In remote sensing the purpose of the classification of the satellite images
is to assign each pixel to a particular class or topic such as sea, forest,
urban, sand, scrub, cultivation of cereals, fallow land, surf, burnt land, maraichage
and sebkha, based on the radiometric values of the pixels according to channels
TM1, TM3 and TM4 of LANDSAT. We applied a supervised classification, because
the number of classes and their characteristics are fixed at the beginning (Achab
et al., 2007; Polverni and Gautret, 2001).

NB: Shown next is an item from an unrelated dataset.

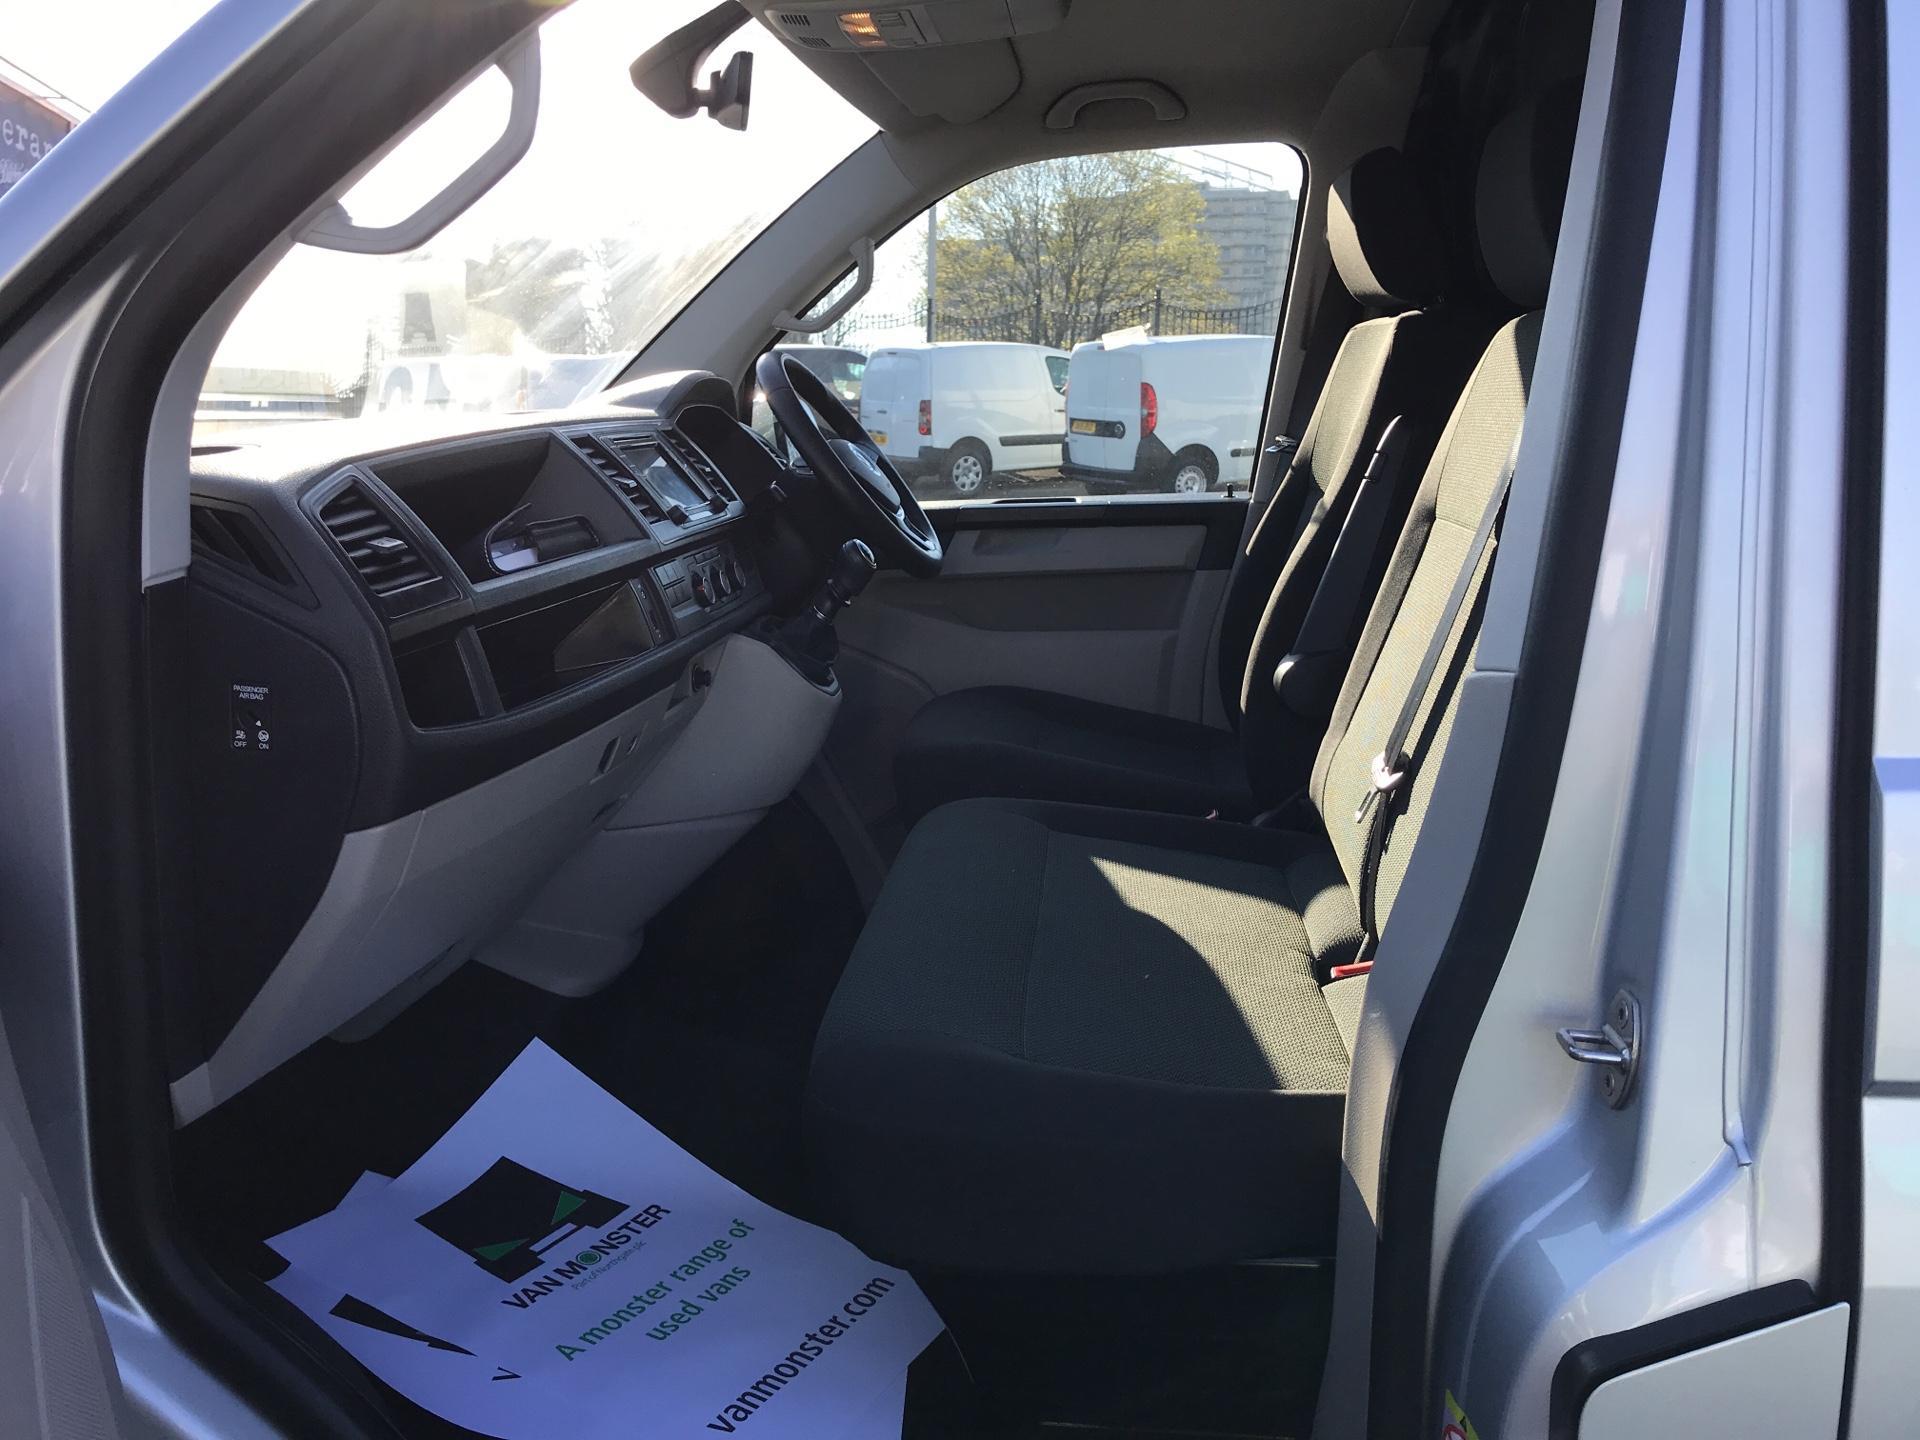 2017 Volkswagen Transporter 2.0 Tdi Bmt 102 Highline Van Euro 6  Sat/nav A/C (GJ67NHK) Image 14

The training must include the following stages:
• 
Choice of the classes of objects in the image 
• 
Division of the zones of drive in group: 
• 
For learning to describe classes in terms of value 
• 
For verification or tests used for classification 
• 
To characterize the spectral signatures i.e., to locate them
in spectral space and to evaluate their separability 
• 
To launch classification 
• 
To carry out tests of classification of the pixels occupying
the zones reserved for the training 
• 
To carry out tests of classification of the pixels occupying
the zones reserved for the checking 
Our attention is related to the random fields of Markov like a classification tool, because these last years the MRF became increasingly popular, especially in the image processing.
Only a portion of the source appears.